Режнак заразительно рассмеялся.
— «Примитивное эпикурейство»? Скажете тоже! Что ж, удачи в работе, уважаемые коллеги. Что у нас дальше, господин Стейнберг — отдел статистики?
Прежде, чем кто-нибудь опомнился, Режнак развернул коляску и покатил к выходу. Стейнберг бросился следом.
— Ох ты ж да… — Марк осекся на полуслове и уставился на закрывшуюся за ними дверь. На лице его недоумение смешивалось с восхищением и досадой.
— Кто-нибудь что-нибудь понимает? — нервным тоном спросил второй оператор.
— Режнак, надо полагать, понимает. — Алекс, силясь сдержать раздражение, вернул микрофон на стойку. — Я — нет.
Он самолично устраивал Лехману банкет на трехмачтовой яхте, винную дегустацию в Бордо, вечеринку в данс-хаусе с девицами, до которых Розе, при всех ее прелестях, было далеко! Но проклятая зеркальная комната с разомкнутыми кругами на полу только мигала две-три секунды, и вновь обретала четкость, запирая Лехмана внутри. А тут — оп! — и все. Измотанный, но довольный клиент уже покидает палату, еще не подозревая о том, что провел в системе намного больше положенных трех часов. Алекс даже сказать толком ничего не успел: такое простое и неказистое вербальное внушение никак не могло, не должно было сработать!

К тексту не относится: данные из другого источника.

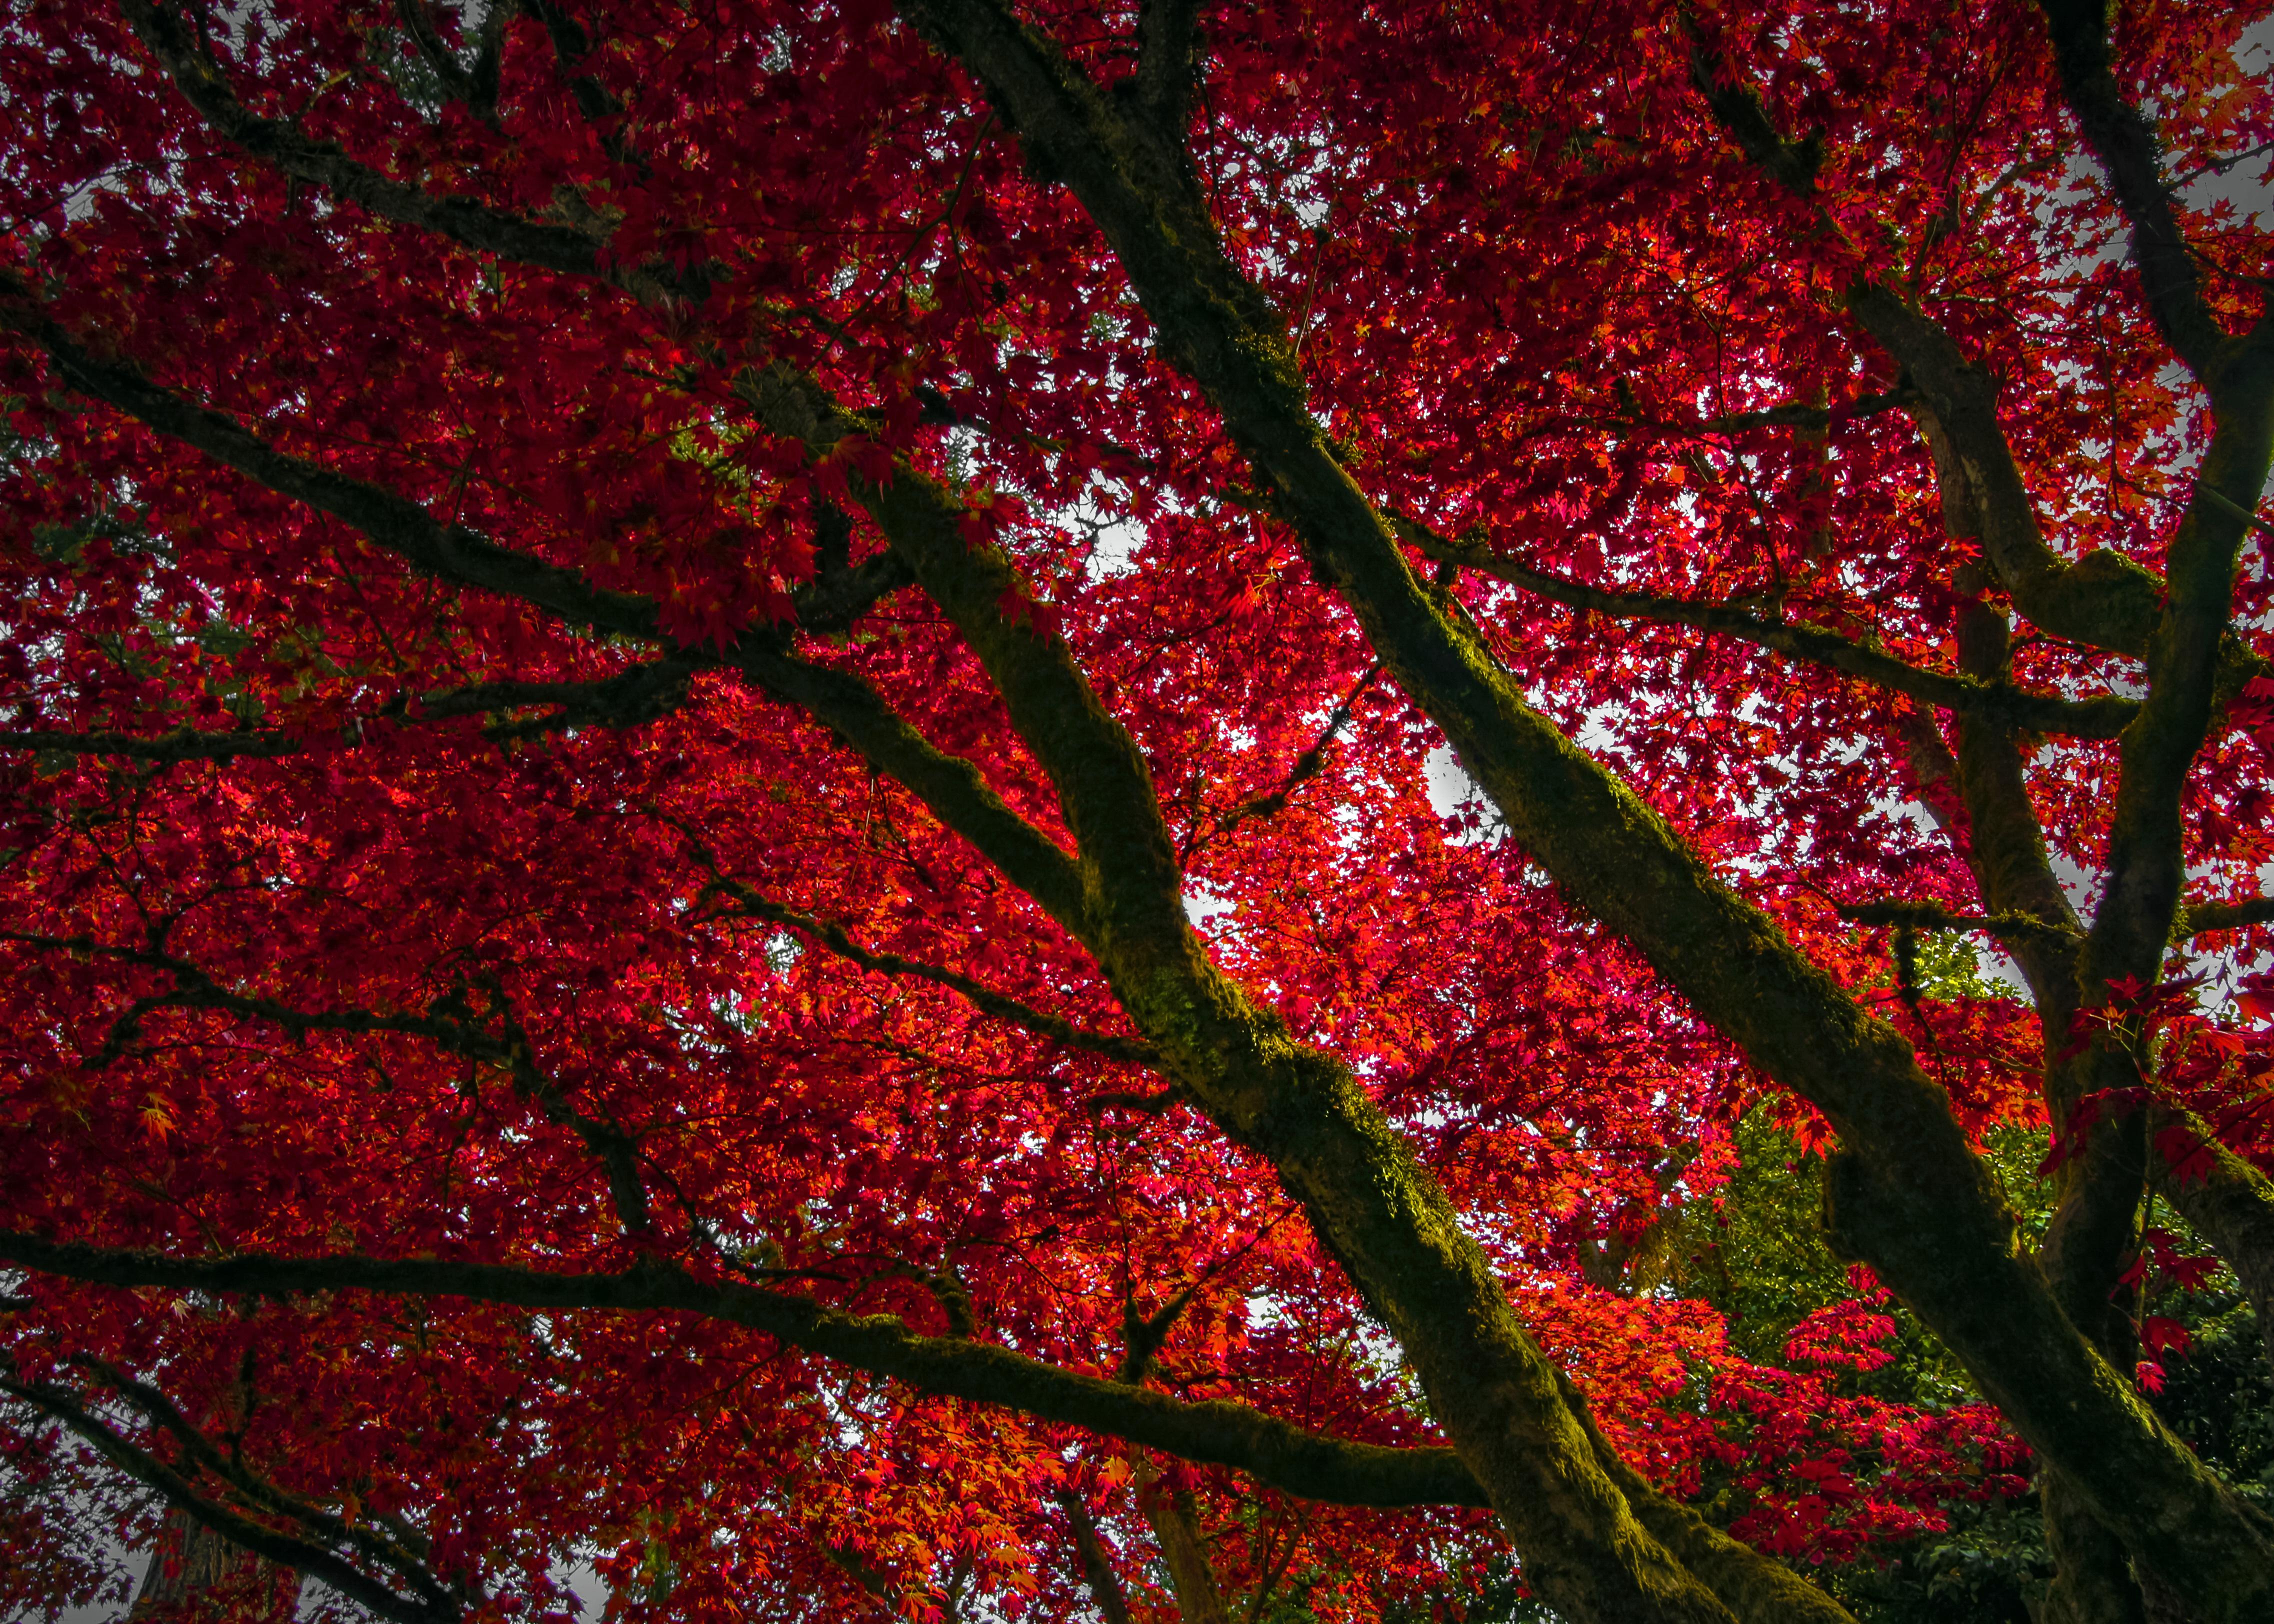 fond d'écran : arbre, oregon, portland, nord-ouest pacifique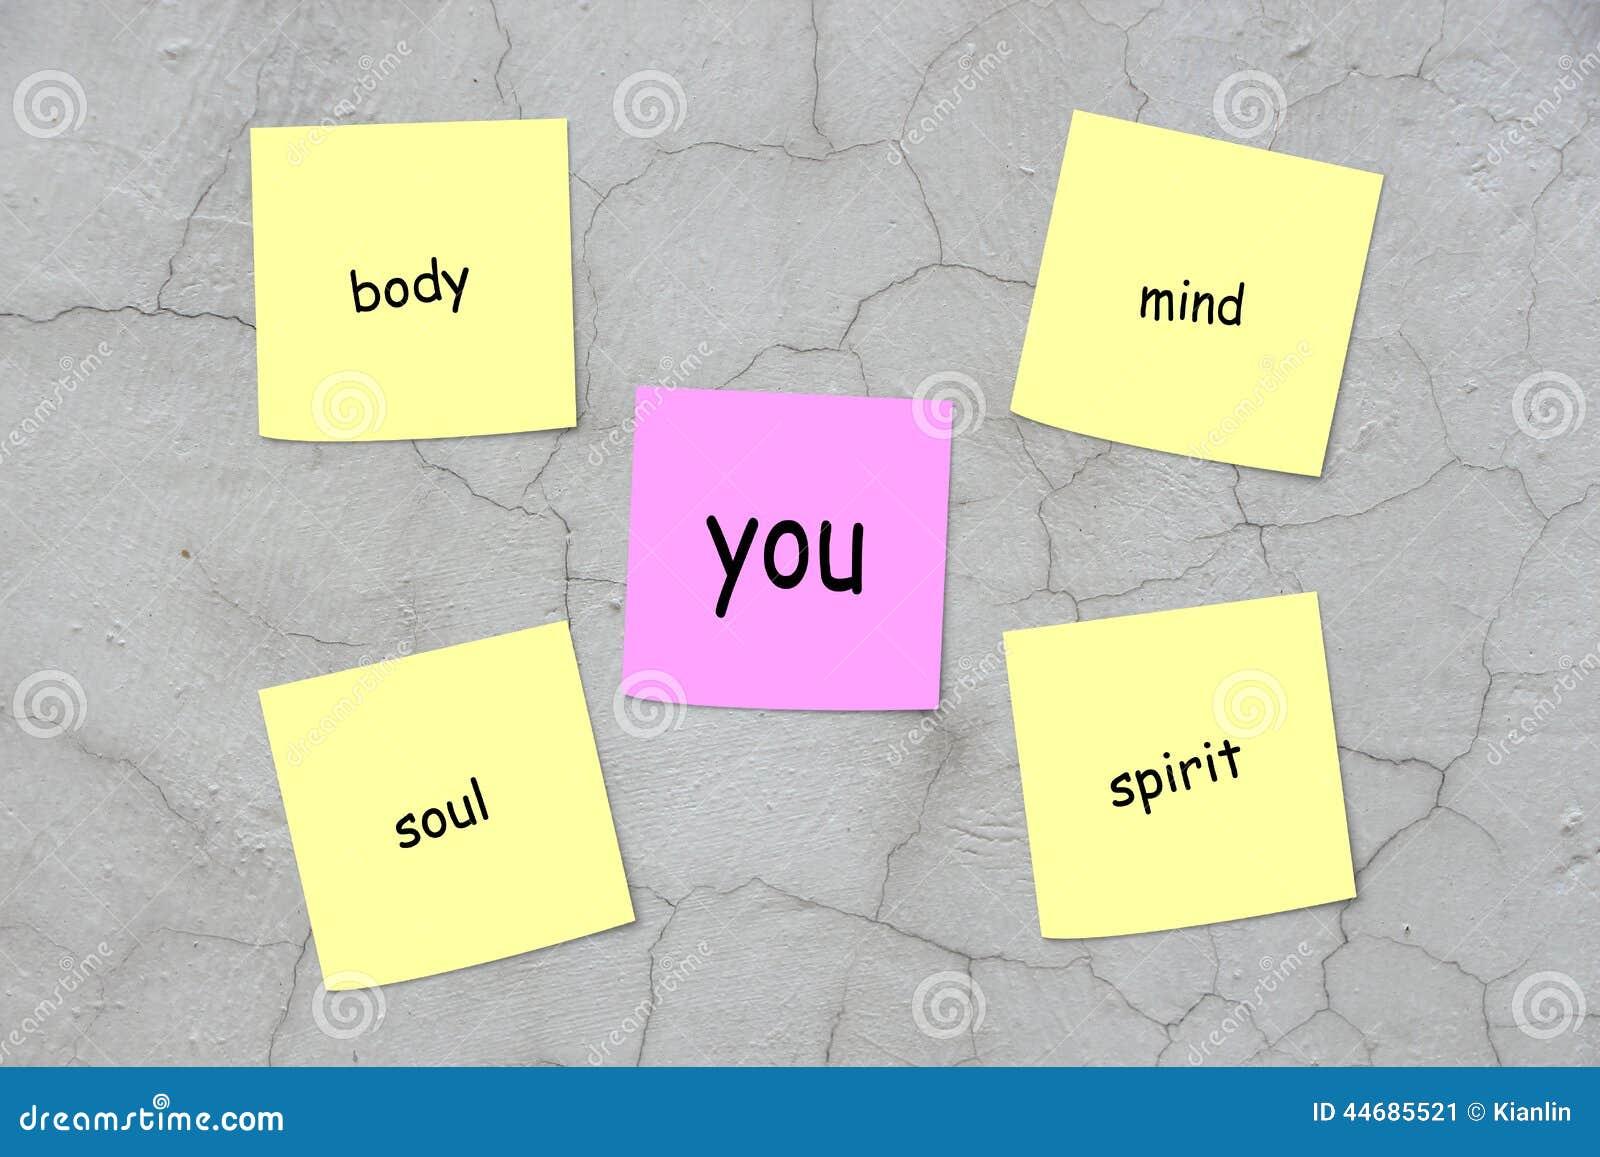 Carrocería, mente, alma, alcohol y usted

Однако — сработало. К лучшему, что сработало — меньше поводов для недовольства Стейнбергу, и Лехману меньше проблем: тридцать шесть часов в системе большого вреда не наносили, но и полезны, конечно, не были. А брейк-сейверам теперь не было нужды до конца смены, пытаясь наугад вытащить «зависшего», любоваться зеркальной комнатой с кругами на полу. Последнее, безусловно, радовало…
… но того воодушевления, какое обыкновенно охватывало группу после решения задачи, не было. Они оказались будто бы ни при чем: взлом, по сути, провел Режнак, и не удосужился объяснить — как.
Сперва рассуждали о том, как, но ни к чему так и не пришли. Затем стали спорить, почему: считал ли Режнак объяснение очевидным, или же решил, что «уважаемым коллегам» стоит самим поломать головы? Марк заказал с кухни кофе и вызволил из шкафа Доброго Джека.
Добрый Джек — маленький, сплошь покрытый ядовитыми колючками кактус — появился у Марка три года назад и стал всеобщим любимцем: проникся даже Стейнберг, и, нервно косясь на служебную инструкцию, разрешил оставить в отделе — с условием, что тот не будет попадаться на глаза посторонним. Джека, вместе с повесткой в суд, прислала на адрес филиала одна вздорная, преклонных лет, клиентка, чью запись брейк-сейверам пришлось-таки использовать: Стейнберг считал ядовитый кактус подарком поучительным и потому полезным. Алекс, вероятно, тоже бы так считал, если б сам не участвовал в расшифровке той записи. Старуха — никогда в жизни не интересовавшаяся цветоводством — все три часа сеанса наблюдала за цветением этих самых кактусов в марсианской пустыне: вычитала где-то, что зрелище это невероятно полезно для здоровья… Тогда как «зависла» она в образе огромной кучи шуршащей фольги, ассоциированной для нее, по-видимому, с лекарственными упаковками. Поди взломай такое без расшифровки!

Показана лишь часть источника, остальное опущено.